Podpisanie w kwietniu z Rosją traktatu o redukcji arsenałów atomowych Obama uważa za swe największe międzynarodowe osiągnięcie.
START (Strategic Arms Reduction Treaty) zobowiązuje USA i Rosję do zredukowania w ciągu siedmiu lat strategicznych arsenałów nuklearnych o 30 proc. - do pułapu 1550 głowic w każdym z krajów. Przewiduje też środki kontroli tej redukcji.

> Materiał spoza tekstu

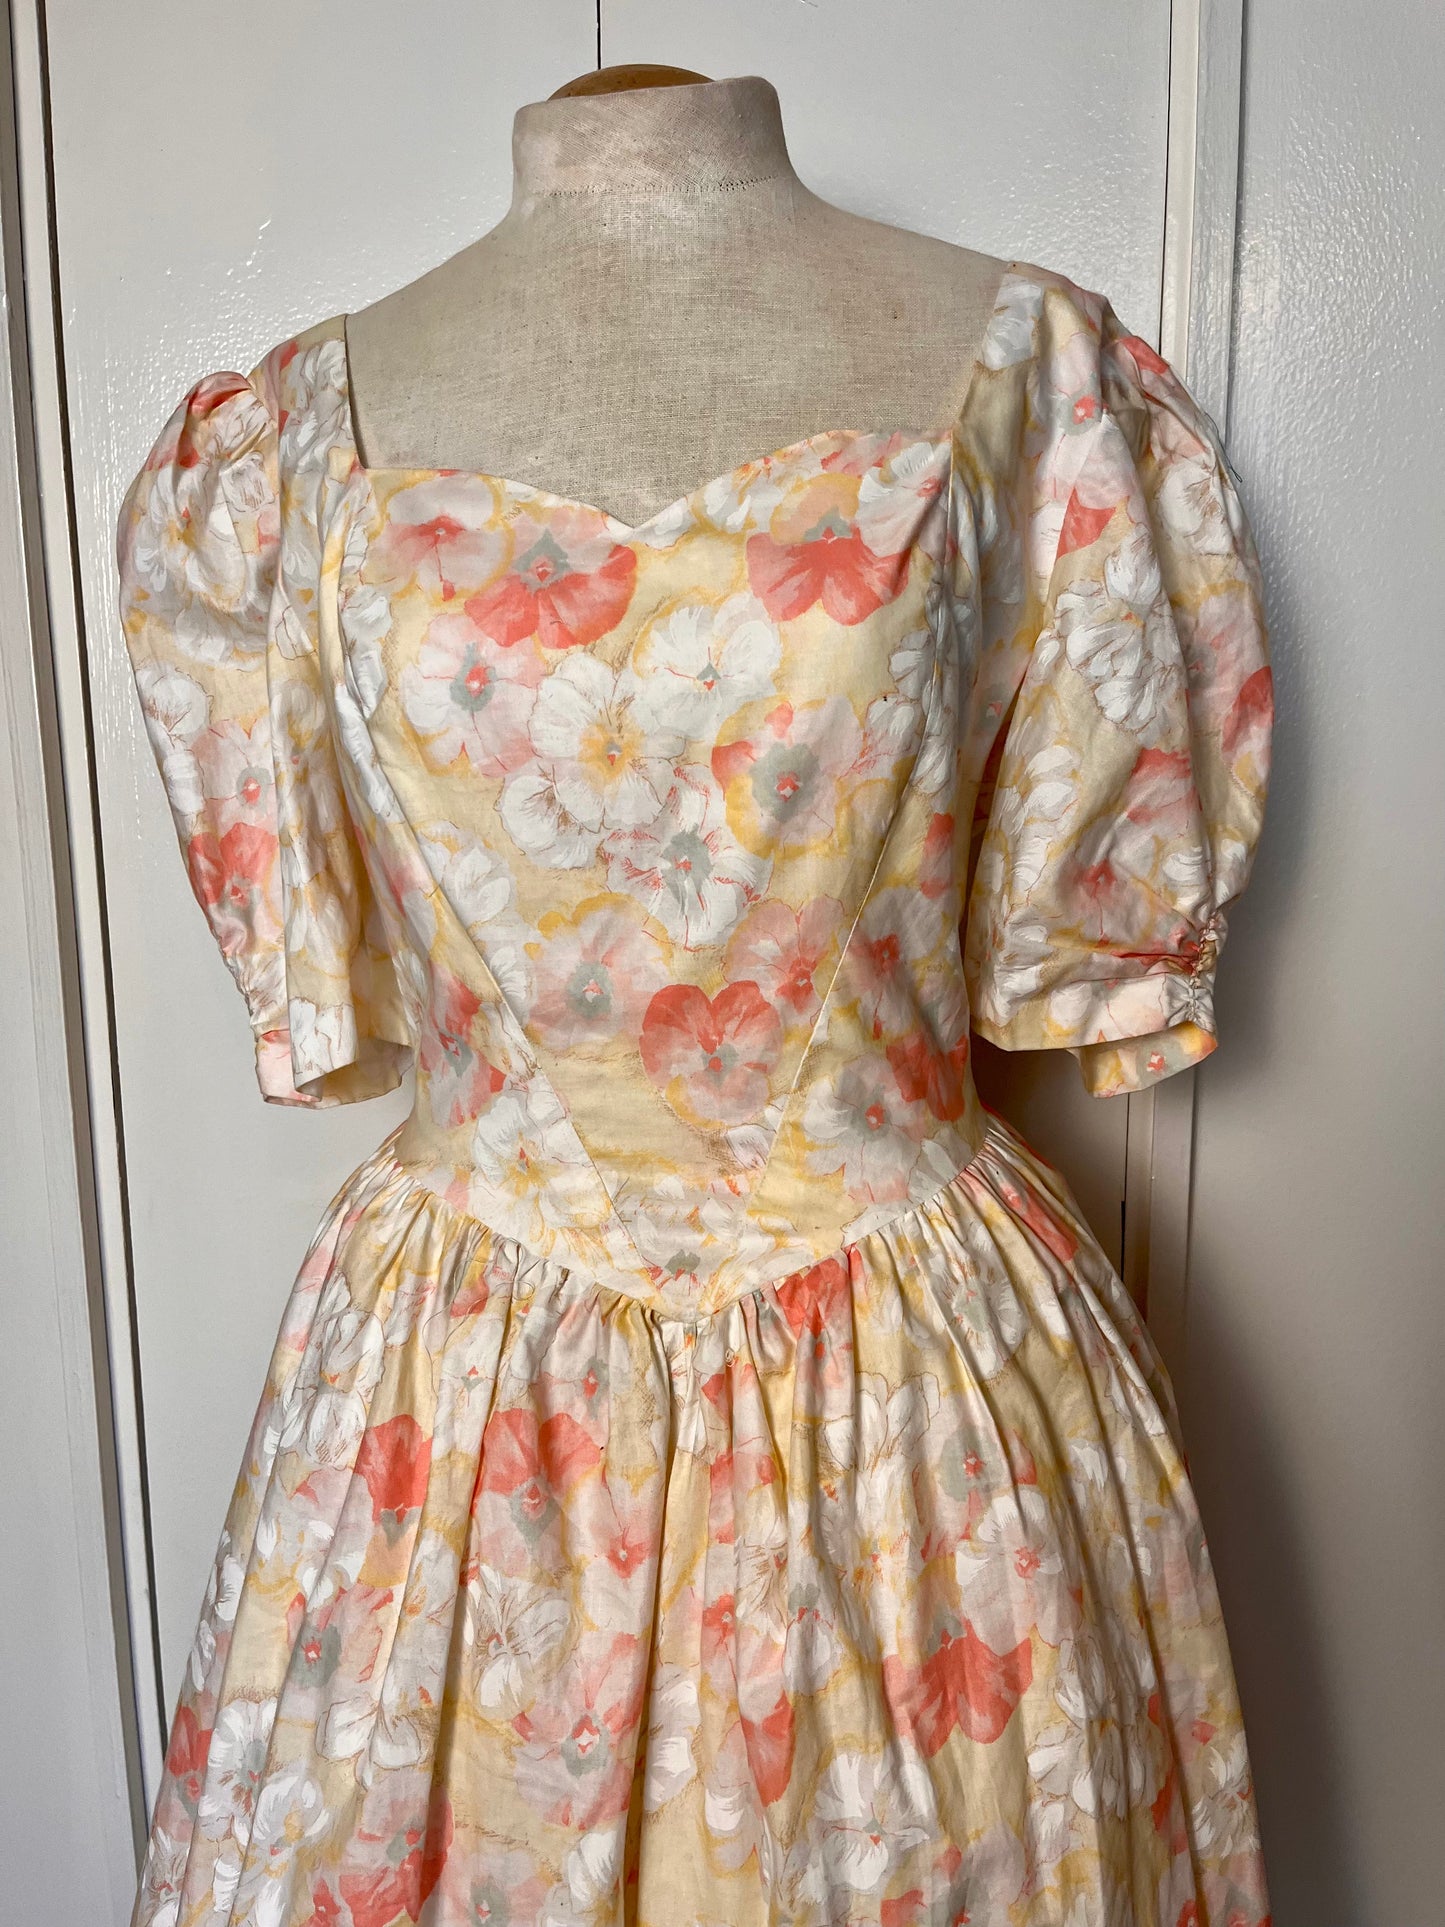 Vintage 1980's "Home-Sewn" Yellow Floral Dress (in the style of Laura Ashley)

Jeszcze we wrześniu amerykańska delegacja zapewniała w Moskwie, że START będzie ratyfikowany w tym roku. Wybory do Kongresu zmieniły diametralnie sytuację.
Kyl mówi "nie"
Do końca tego roku demokraci mają w Senacie nad republikanami przewagę 57 do 41 (2 niezależnych). Do ratyfikowania traktatu potrzeba 2/3 głosów, więc potrzeba jeszcze przekonać 9 republikańskich senatorów. W skutek ostatnich wyborów, od stycznia zadanie będzie trudniejsze. Wraz ze wzrostem liczby republikanów, do ratyfikacji będzie potrzebne 13-14 ich głosów.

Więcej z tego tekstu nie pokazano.